An Arabic Corpus of Fake News: Collection, Analysis and Classification

Alkhair, Maysoon; Meftouh, Karima; Smaïli, Kamel; Othman, Nouha

doi:10.1007/978-3-030-32959-4_21

Maysoon Alkhair⁷,
Karima Meftouh⁸,
Kamel Smaïli⁹ &
…
Nouha Othman¹⁰

Part of the book series: Communications in Computer and Information Science ((CCIS,volume 1108))

Included in the following conference series:

International Conference on Arabic Language Processing

1033 Accesses
31 Citations

Abstract

Over the last years, with the explosive growth of social media, huge amounts of rumors have been rapidly spread on the internet. Indeed, the proliferation of malicious misinformation and nasty rumors in social media can have harmful effects on individuals and society. In this paper, we investigate the content of the fake news in the Arabic world through the information posted on YouTube. Our contribution is threefold. First, we introduce a novel Arab corpus for the task of fake news analysis, covering the topics most concerned by rumors. We describe the corpus and the data collection process in detail.

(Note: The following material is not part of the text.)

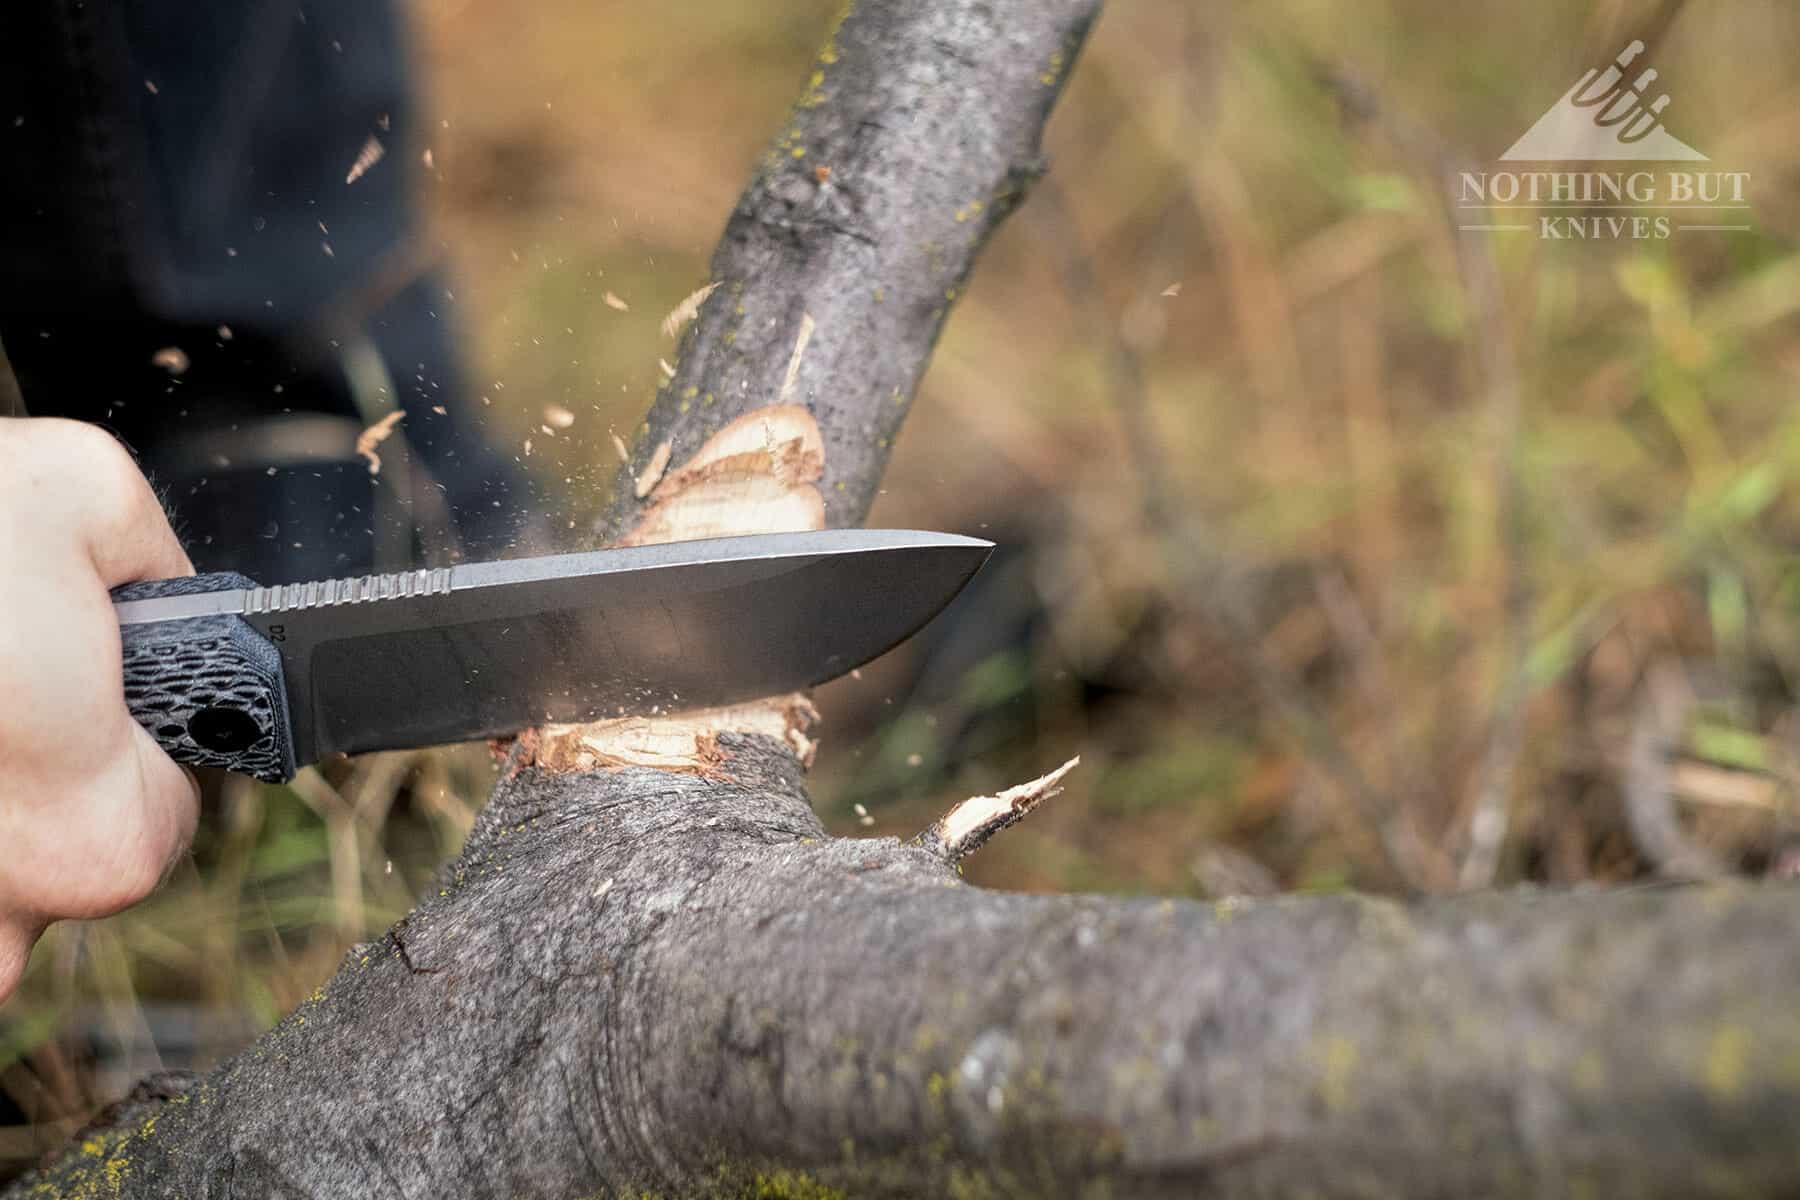 The OTracker X performs well at most tasks needed by a bushcraft knife in actual field use.

Second, we present several exploratory analysis on the harvested data in order to retrieve some useful knowledge about the transmission of rumors for the studied topics. Third, we test the possibility of discrimination between rumor and no rumor comments using three machine learning classifiers namely, Support Vector Machine (SVM), Decision Tree (DT) and Multinomial Naïve Bayes (MNB).

Access provided by Autonomous University of Puebla. Download conference paper PDF

Arabic Fake News Detection Based on Textual Analysis

Article Open access 11 February 2022

Survey of machine learning techniques for Arabic fake news detection

Article Open access 28 May 2024

Machine Learning for Hate Speech Detection in Arabic Social Media

Keywords

1 Introduction

Social networks such as Facebook, Twitter, Google+ and YouTube have become popular channels of communication where people can express different attitudes and opinions [5]. Consequently, a vast volume of reviews and comments has been created in the last years in social networks. Obviously, anyone can express his opinion and related information, which leads to accumulation of a huge amount of unverified information [2]. This issue was widely studied by the NLP community with a view to differentiating between a rumor (or fake news) and a proven information.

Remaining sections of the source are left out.